Февраль 1986 года. Израиль

В середине февраля «Кипрское фиаско», как его назвали, уже отошло в прошлое. Я же оставался под постоянным наблюдением. Жизнь стала для меня очень тяжелой, пока надо мной нависала эта тень.

Я все еще был работником на испытательном сроке, который в Моссад длится 4 года, кроме того, я был под специальным надзором. Почти все мои коллеги не хотели сотрудничать со мной из-за этого особого наблюдения. — Не всегда можно быть совершенным, — говорил мне Арик, один из моих коллег. — Когда-то ты совершаешь ошибку, и тогда все наваливаются на тебя. Почему бы тебе просто не сдаться и не оставить службу? Я знал, что он прав, но у меня не было желания капитулировать. Для меня служба в Моссад была наивысшим, чего может достичь человек. У нас шутили, что Мессия, если его пришествие состоится, точно будет человеком Моссад.

Я работал вполсилы, контролировал в два раза тщательнее любой свой шаг, чтобы удостовериться, что все происходит абсолютно безукоризненно. Я не хотел доставлять удовольствие своим руководителям поймать меня на чем-либо.

Я знал, что они из-за моих политических убеждений были бы рады от меня избавиться. Я был центристом, но по меркам Моссад я был левым, возможно даже слишком левым.

Постоянное напряжение стоило мне дорого. Моя семейная жизнь никак не улучшалась. Под подобным давлением, в первую очередь, всегда страдает семья. По правилам Моссад все агенты должны вступить в брак до их отъезда на службу за границей, но только у немногих семейная жизнь была счастливой, даже в случае вторых браков. Я начал поздно приходить домой, потому что старался проводить свое немногое свободное время в кабачке с друзьями. Это была постоянная болтовня. Если кто-то вставал и уходил первым, ему перемывали косточки и едко над ним насмехались. Потому самым лучшим было сидеть «до упора».

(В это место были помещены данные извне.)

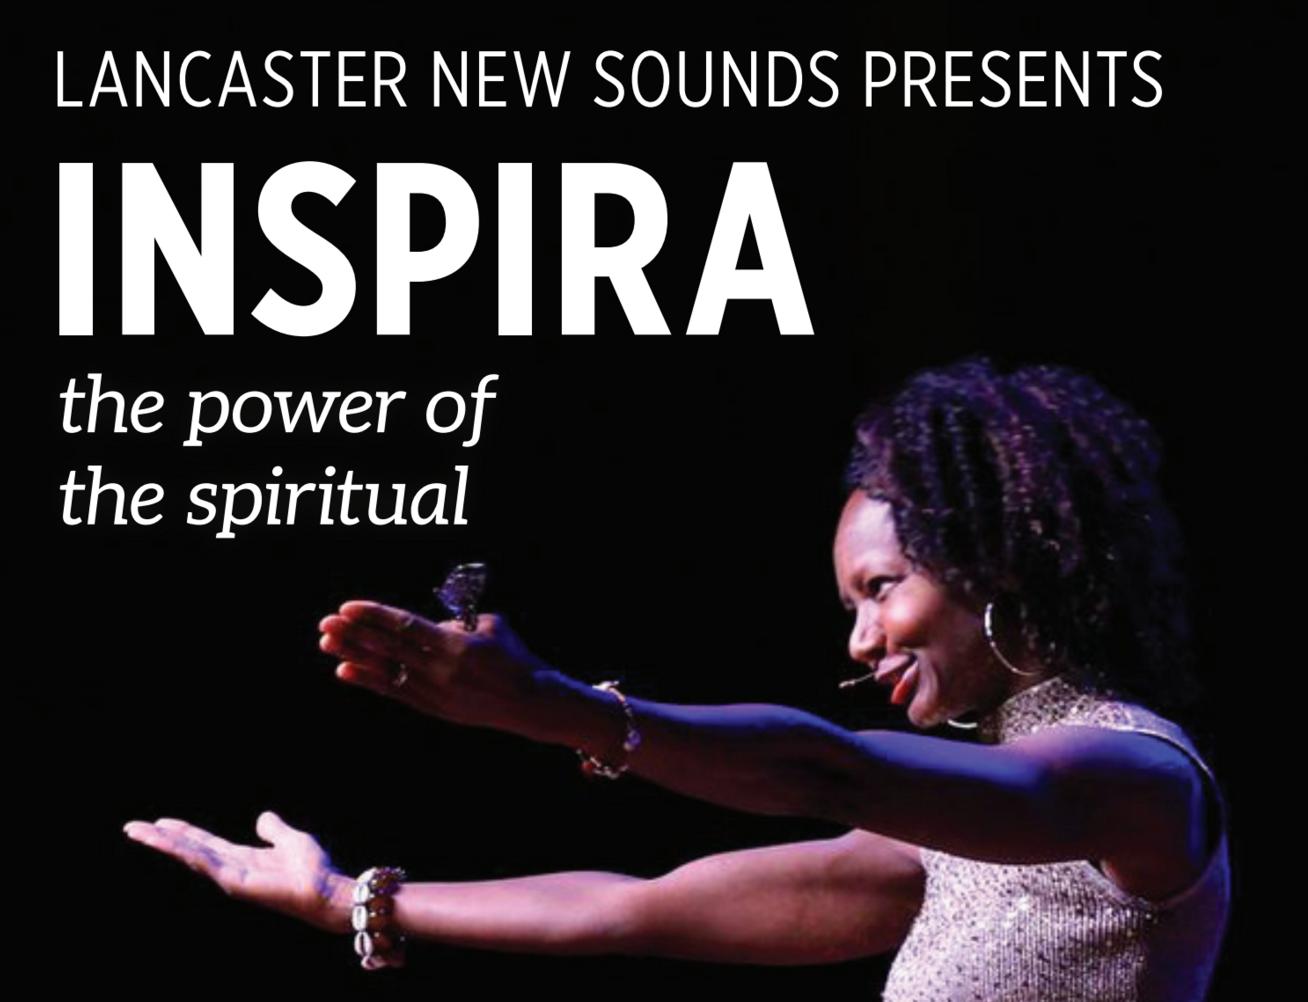 Lancaster New Sounds Presents Inspira: Power of the Spiritual

Я знал, что виновен в том, что пренебрегаю своей женой Беллой и детьми. Но я тешил себя тем, что это была, на мой взгляд, только временная ситуация, и что я все исправлю, как только меня по-настоящему включат в систему как полноправного сотрудника.

Работа в Моссад всегда была своего рода извинением за постоянно поздний приход домой. Вместо того чтобы обратиться к жене, которая была моим лучшим другом, я удалялся от нее. И она не хотела видеть никого из бюро: она их всех видела насквозь. Так как я ничего не мог изменить в сложившихся обстоятельствах, то я успокаивал себя мыслью, что Белла просто ошибается. В конце концов, я ведь принадлежал к Моссад, к элите, к немногим избранным. Но дома я больше не был человеком Моссад, и это было в порядке вещей.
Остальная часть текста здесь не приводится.